Patients deserve options to control their diabetes. Education about new supplies and devices should come from a trusted source who knows when new devices have been prescribed and how patients can best learn to use diabetes technology and management tools.

Leverage distributors to deliver device training in the right place at the right time

Distributors may not be a priority when considering another proactive diabetes management partner, but there are several clear reasons why they should be more involved in onboarding, education and support.

On the one hand, there is a worrying shortage of clinicians providing diabetes care. Even before the Covid-19 pandemic which led to burnout of healthcare workers, the country faced a shortfall of 2,700 diabetes specialists by 2025 and 48,000 primary care physicians by 2025. 2034.

It will be essential to support the remaining workforce in any way possible. Distributors of supplies and devices have the knowledge, resources, and bandwidth to augment the work of overburdened clinicians.

Distributors typically interact with patients between 10 and 15 times per year, starting from the first moment of diagnosis. Each of these touchpoints is an opportunity to provide real-time device training, offer education on self-management techniques and the importance of treatment adherence, and relay critical information to providers. health care.

Bringing in an established and trusted entity to unite the continuum of care and proactively address gaps in patient care will be crucial, especially as value-based care arrangements continue to expand and that the responsibility for holistic and coordinated care increases.

A call for more involvement from the distributor community

Distributors have a promising and exciting opportunity to step into a new role in diabetes care. These companies sit at the crossroads of clinical, payer and consumer environments, perfectly positioned to build stronger connections between the three groups and help individuals navigate the complex healthcare system.

A number of distributors are already taking advantage of this opportunity by engaging accredited clinicians to inform their next steps and developing patient-friendly educational programs to better balance the use of digital tools with the human side of the patient journey. diabetes.

The key to making these efforts as effective as possible is to close the feedback loop between primary care providers, payers, pharmacies, device manufacturers and specialists.
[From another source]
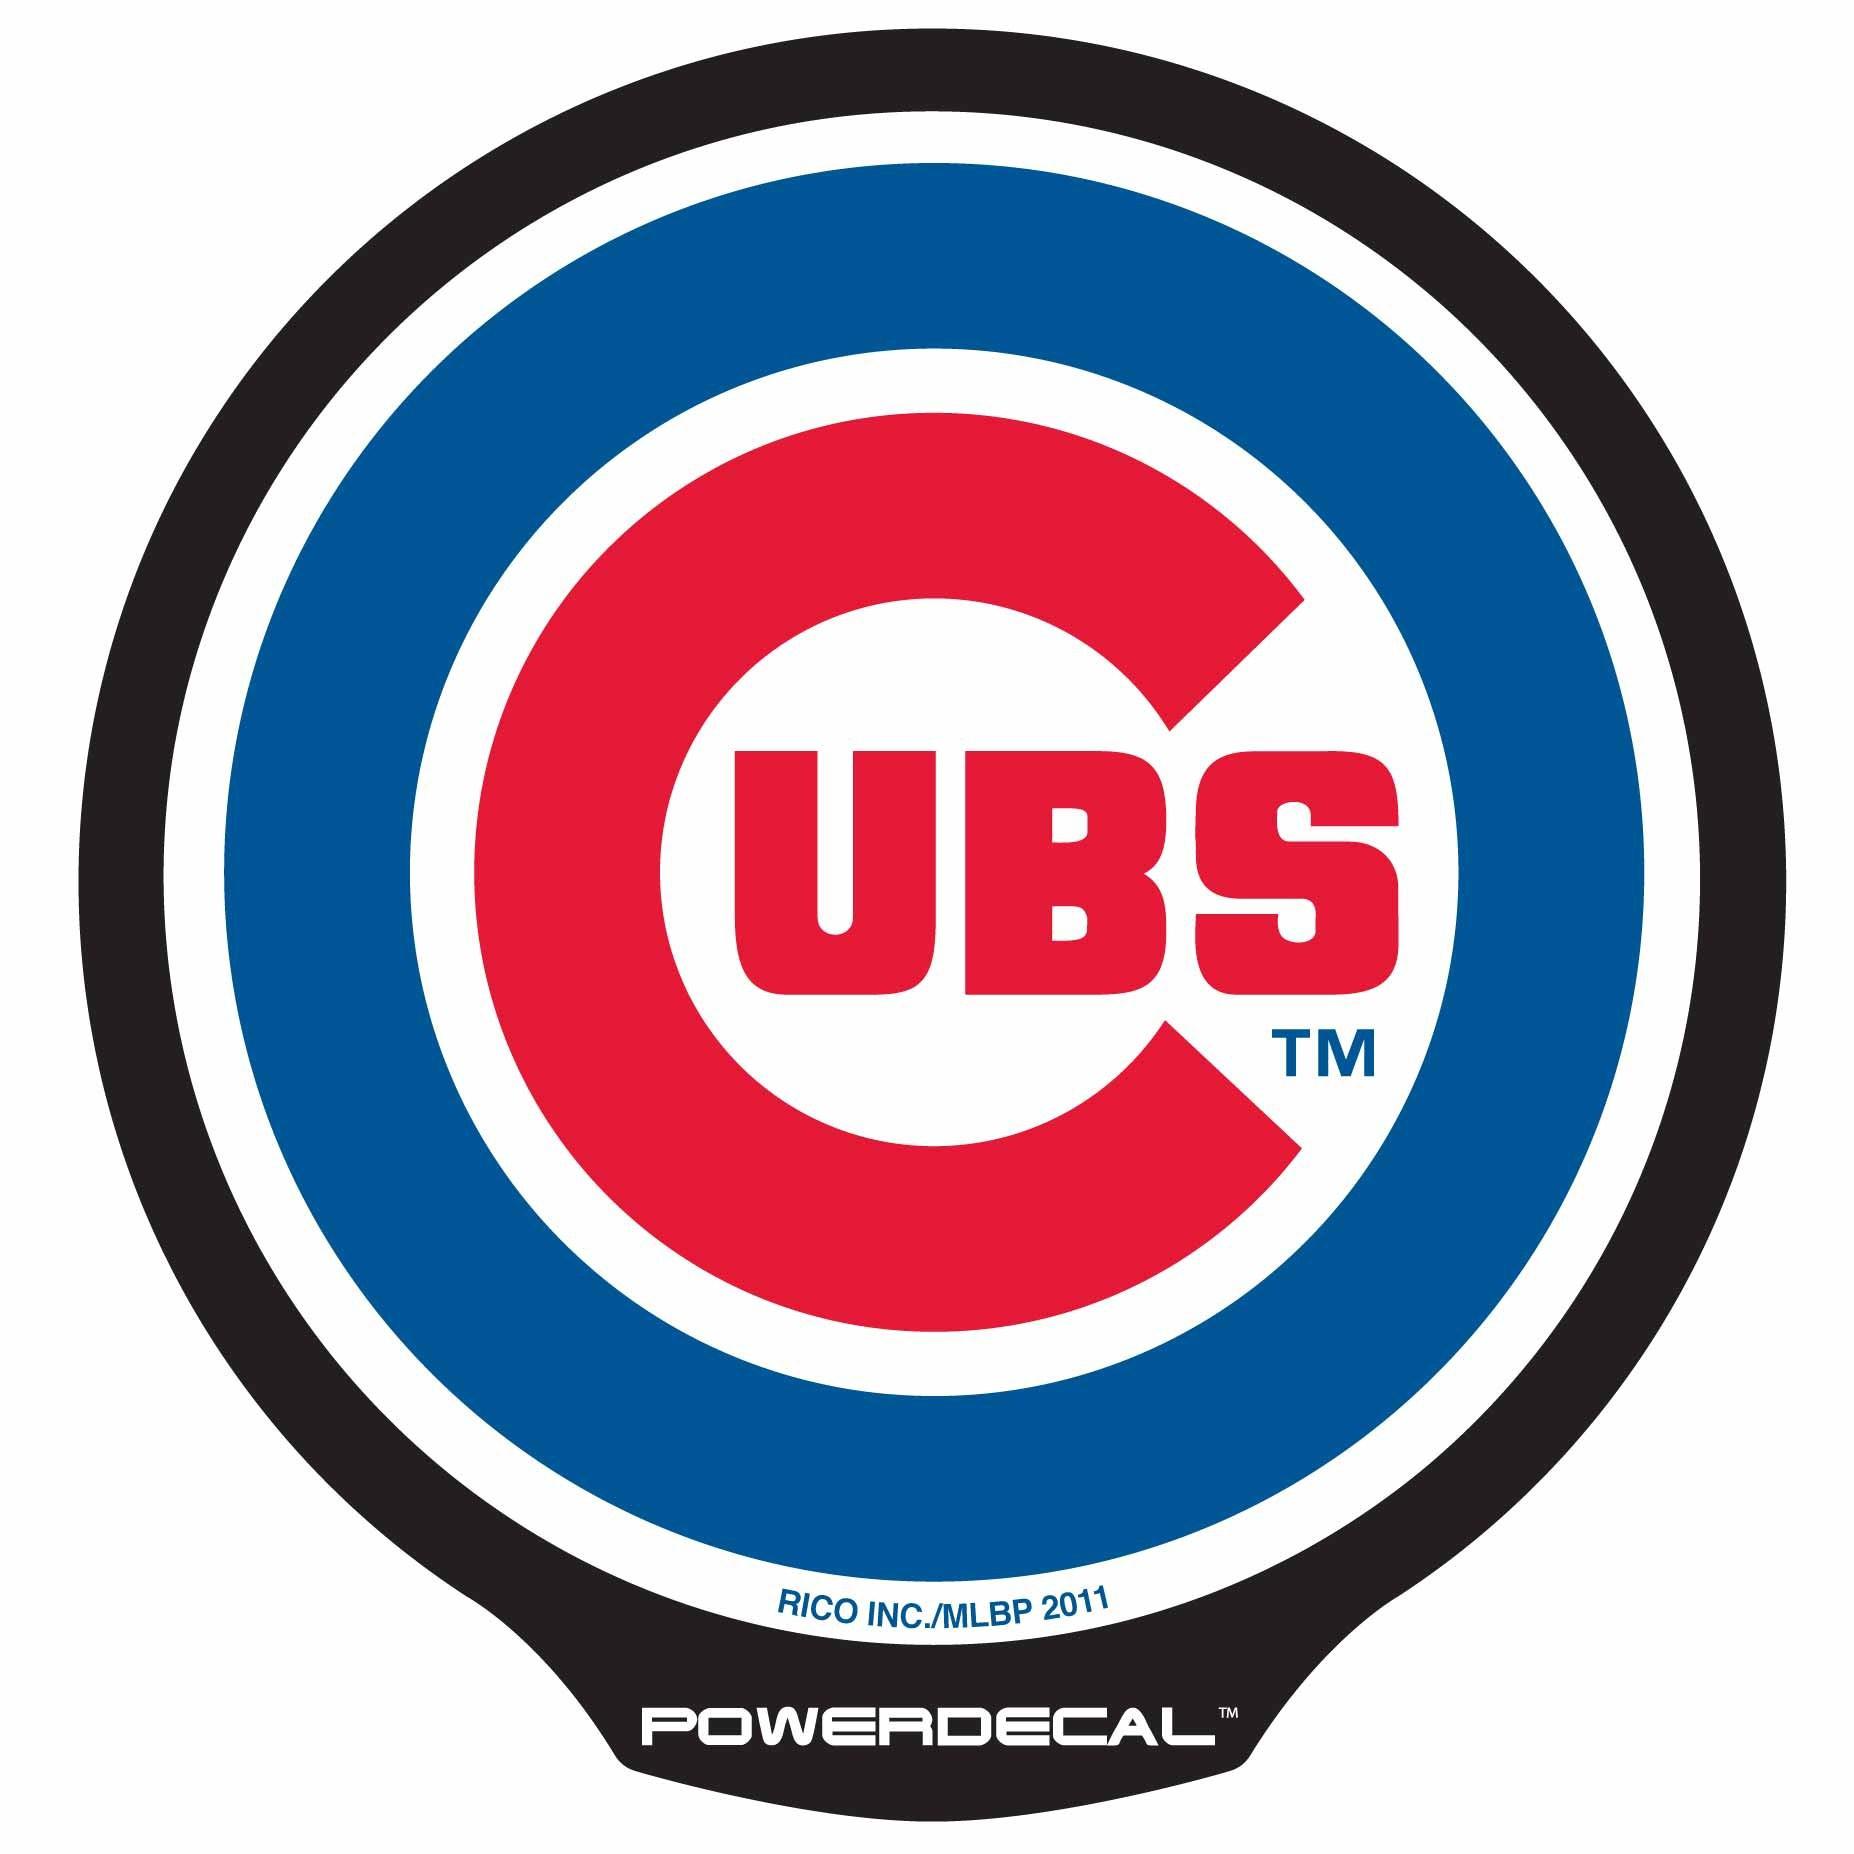 1854x1854 Chicago Bears Logo Clip Art

This will require continued investment in data interoperability and care coordination workflows. While it’s not easy, sharing information is worth it and essential to creating better patient experiences and outcomes.

Increased involvement of supply and device vendors can go a long way in supporting patients using diabetes technologies and other complex therapies and ensuring long-term adherence.

By expanding the education and support team to include distributors of supplies and devices, patients will be better able to access the tools and knowledge they need to effectively manage their health.